§ **DATASET**:
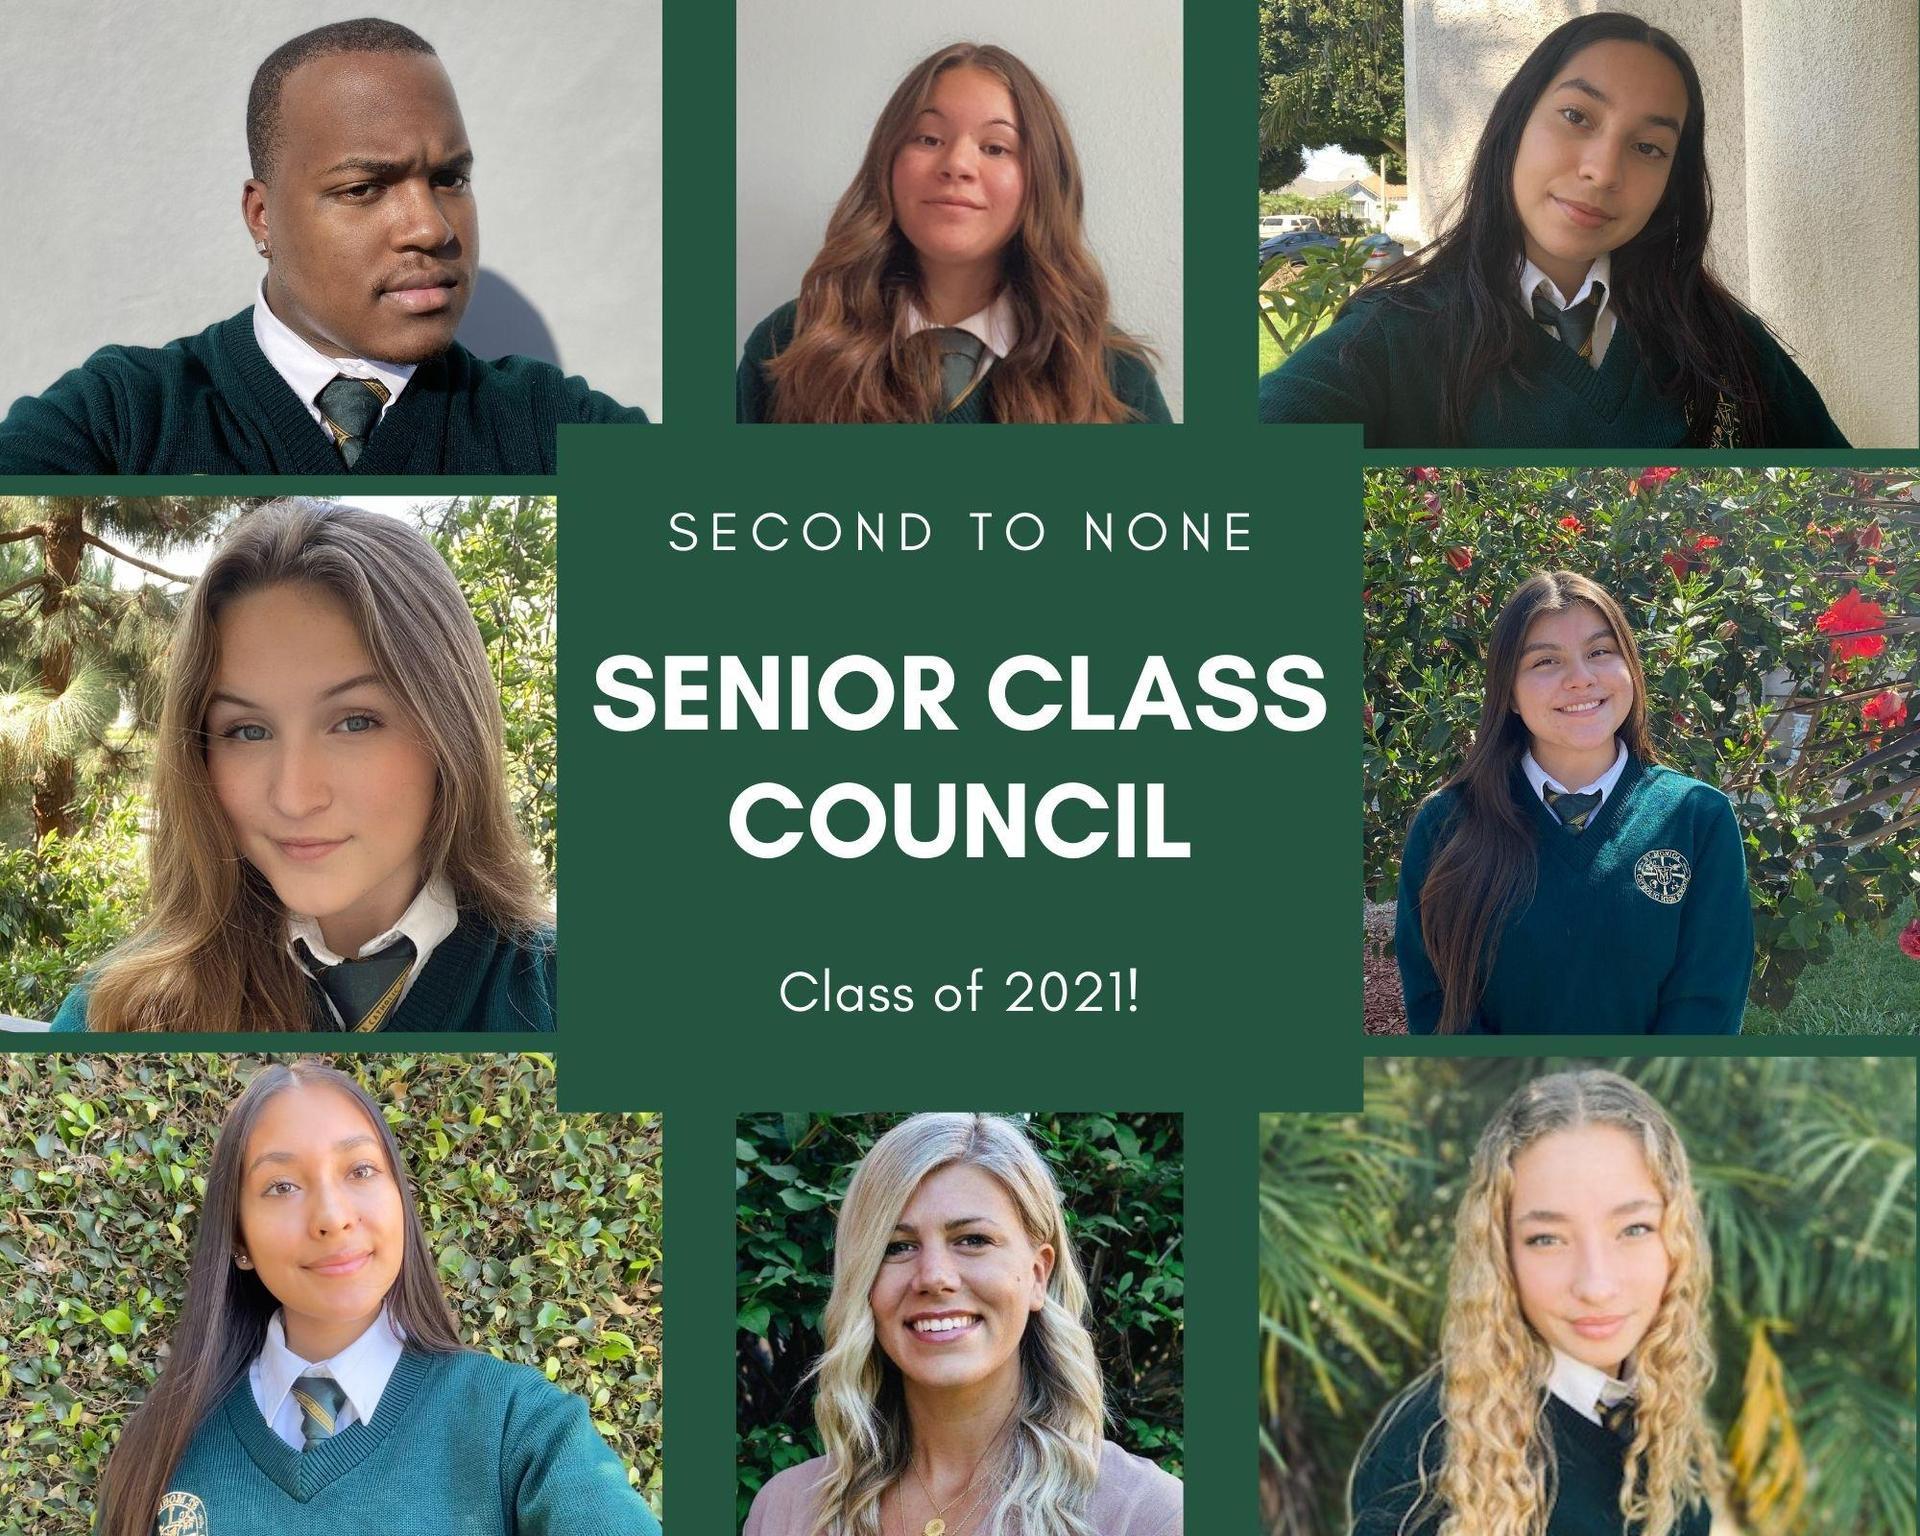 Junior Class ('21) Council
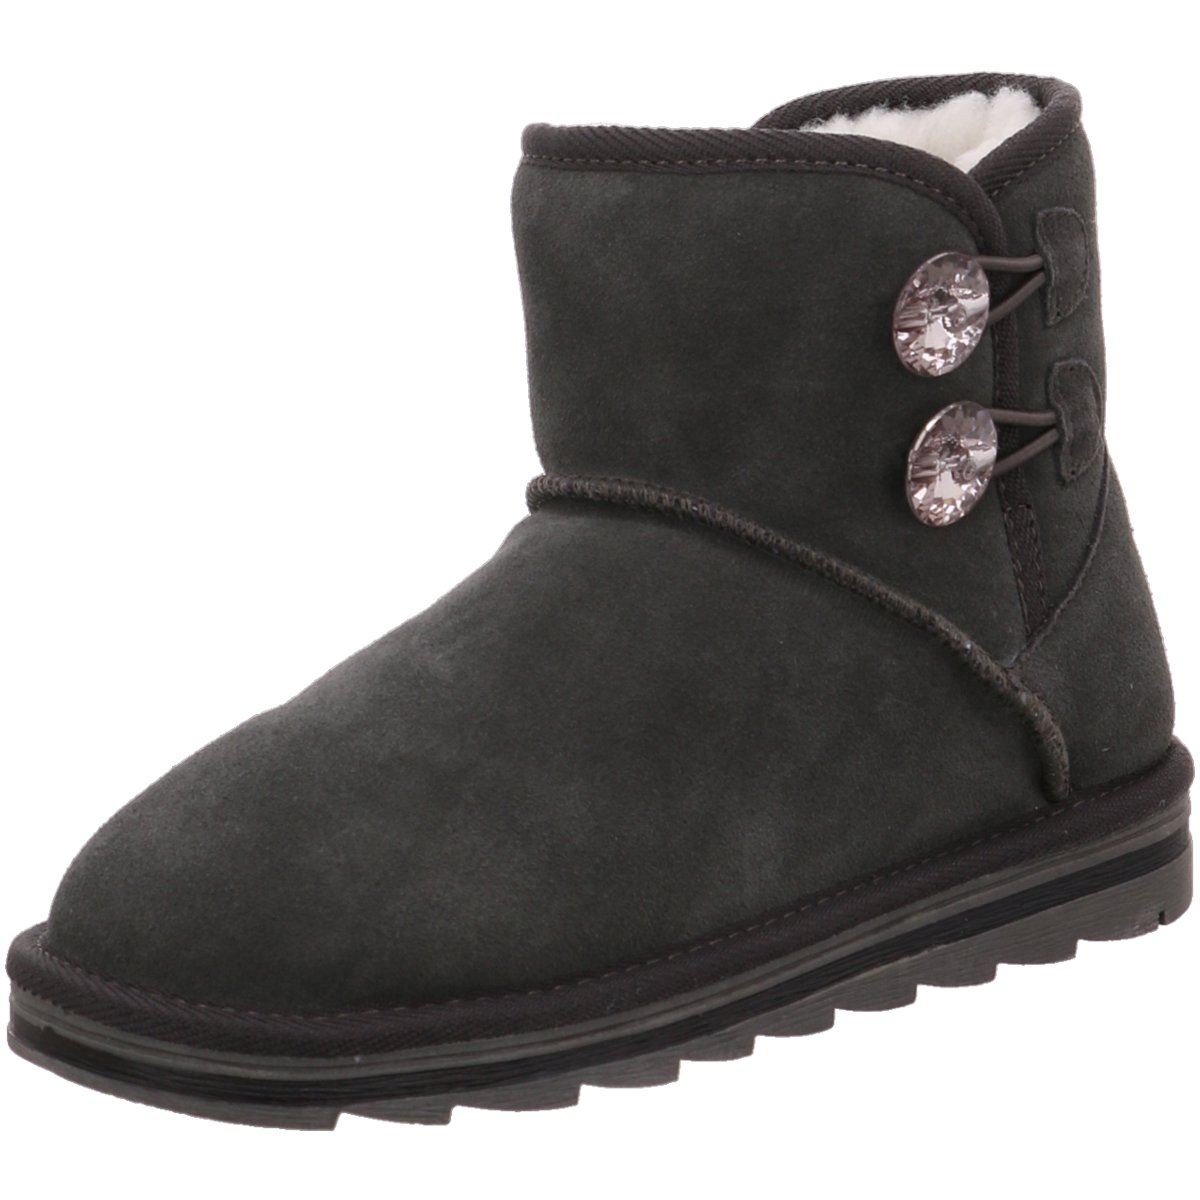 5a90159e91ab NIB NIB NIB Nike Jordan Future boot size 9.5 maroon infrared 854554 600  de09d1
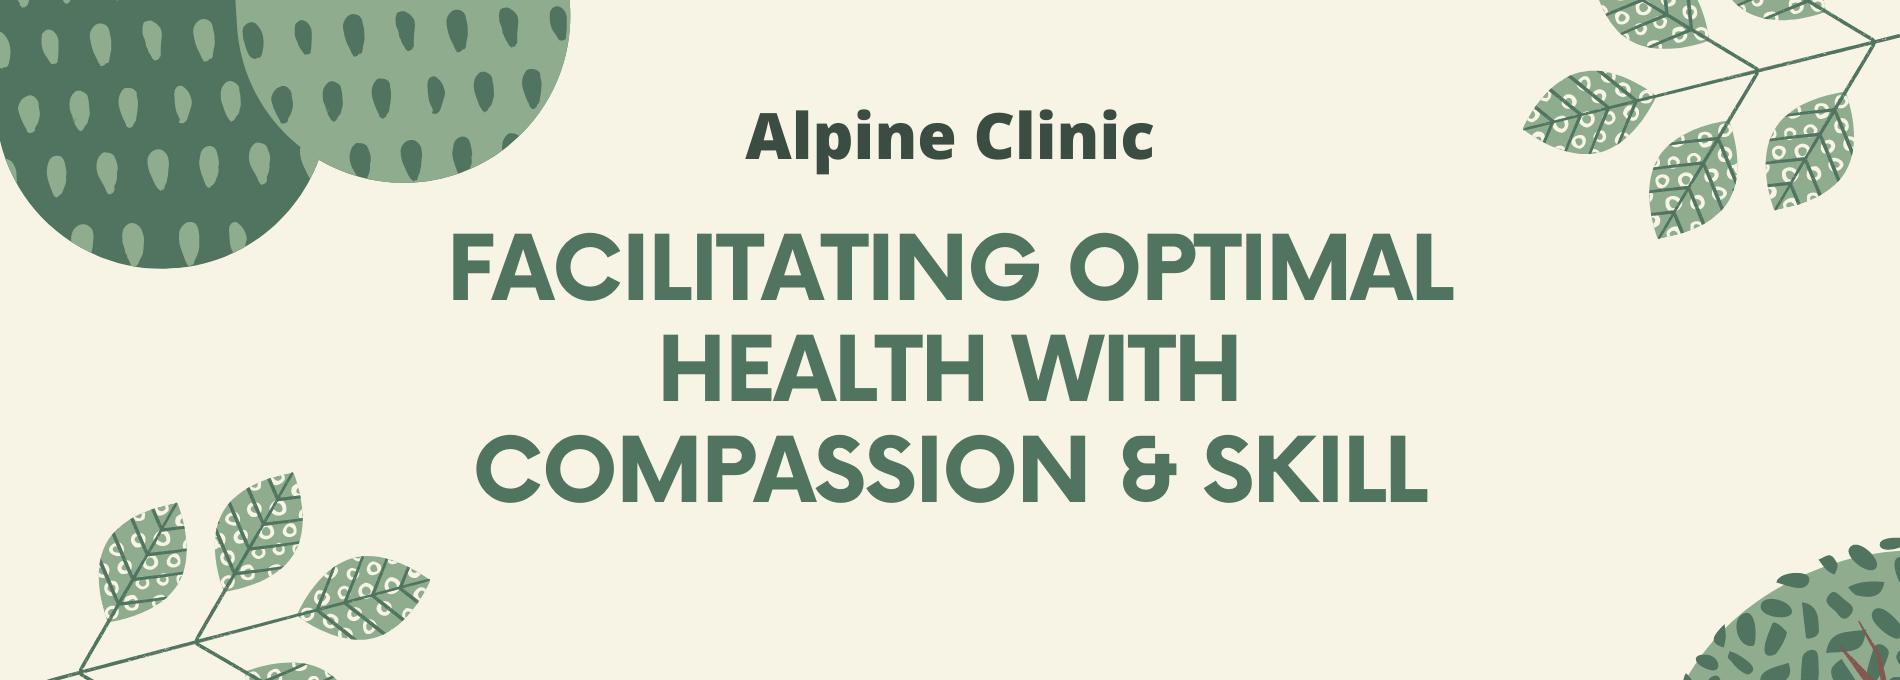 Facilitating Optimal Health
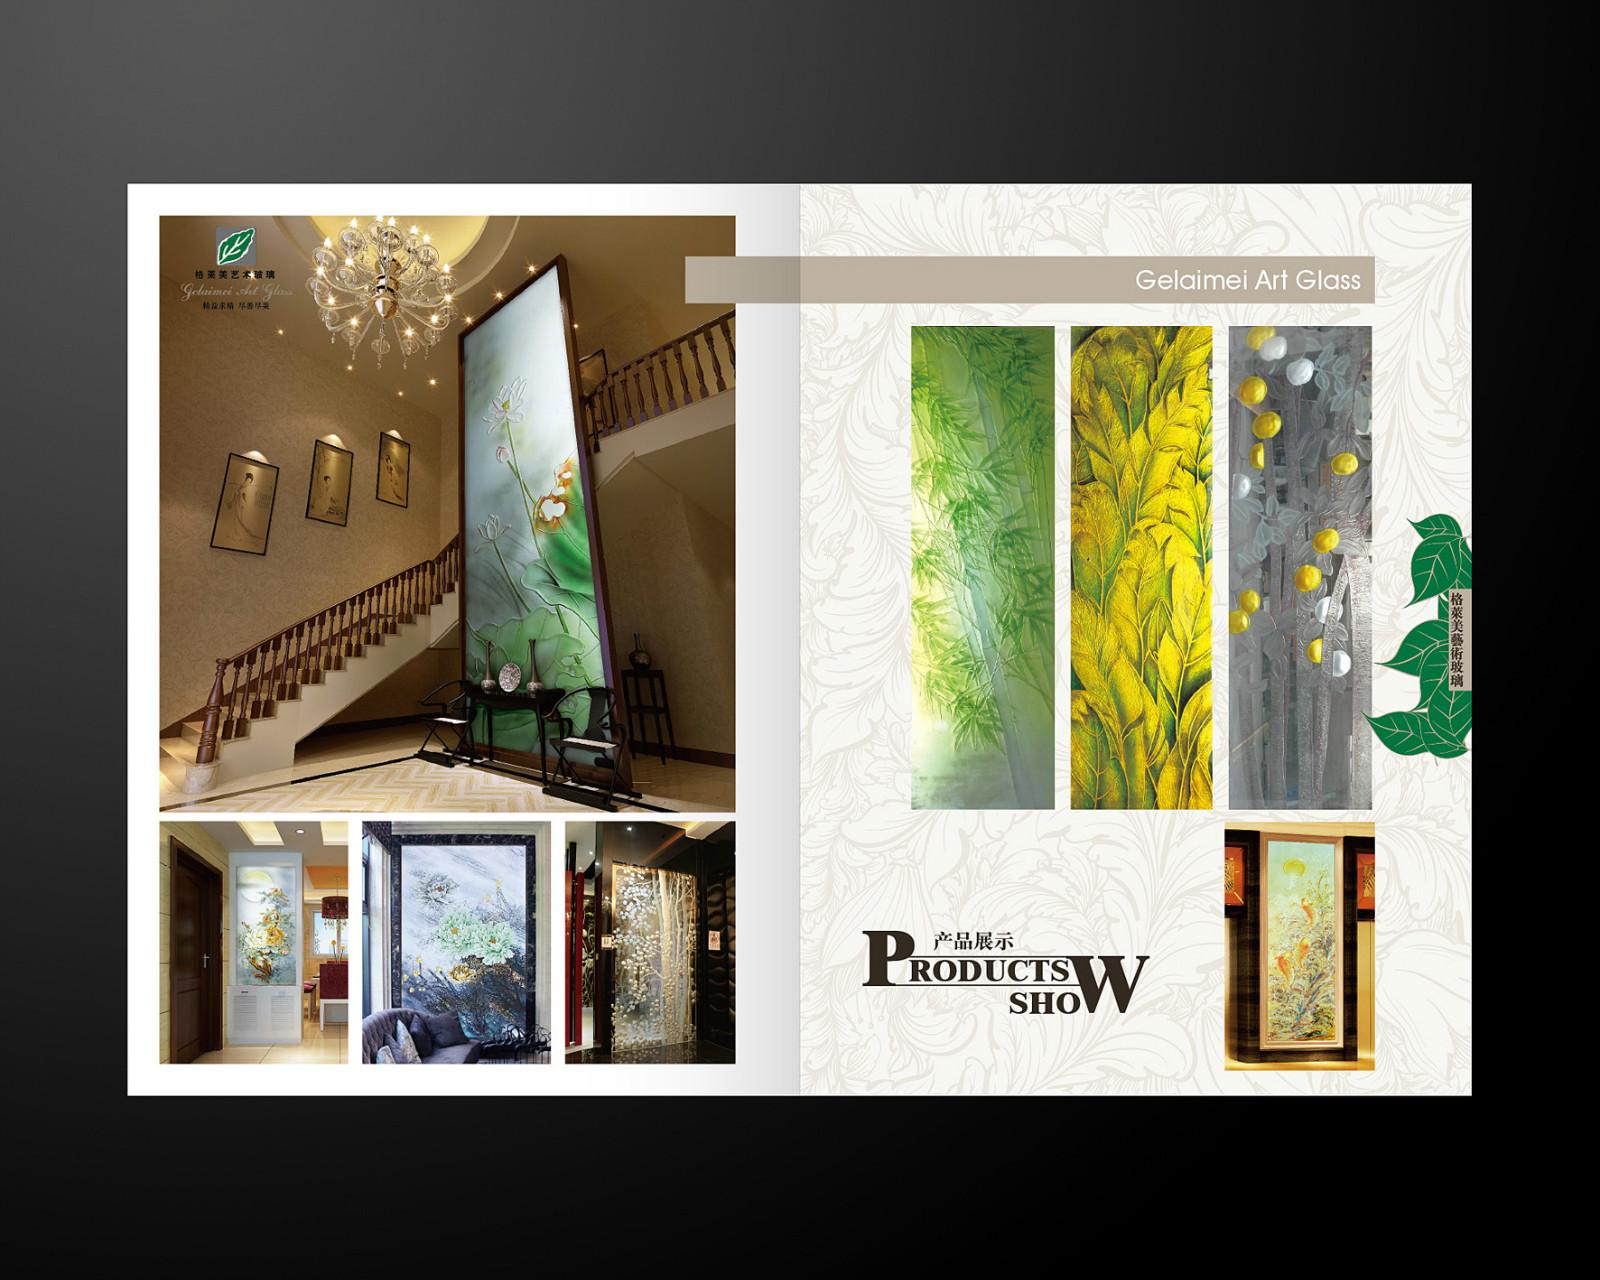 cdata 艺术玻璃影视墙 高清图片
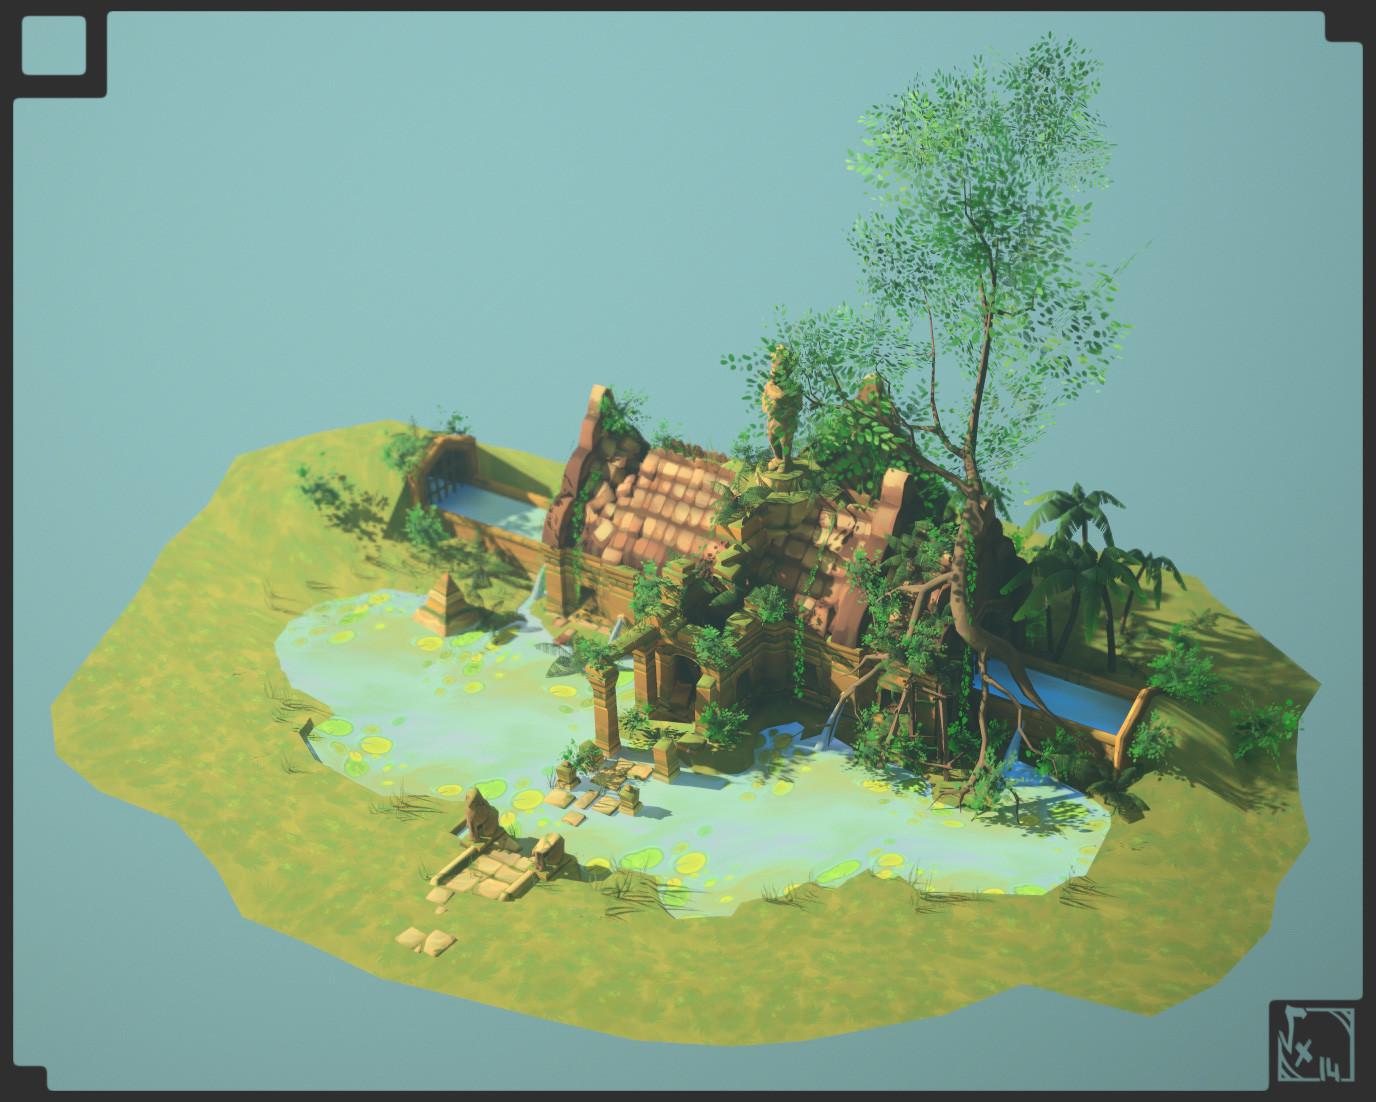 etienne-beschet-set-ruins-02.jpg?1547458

§ **REQUIREMENT**: An exact copy of the lines from the one with "Facilitating Optimal Health" through the end of the records: produce that and nothing more, leaving out the pictures.

§ **EXERCISE RESULT**:
 Facilitating Optimal Health
 cdata 艺术玻璃影视墙 高清图片
 etienne-beschet-set-ruins-02.jpg?1547458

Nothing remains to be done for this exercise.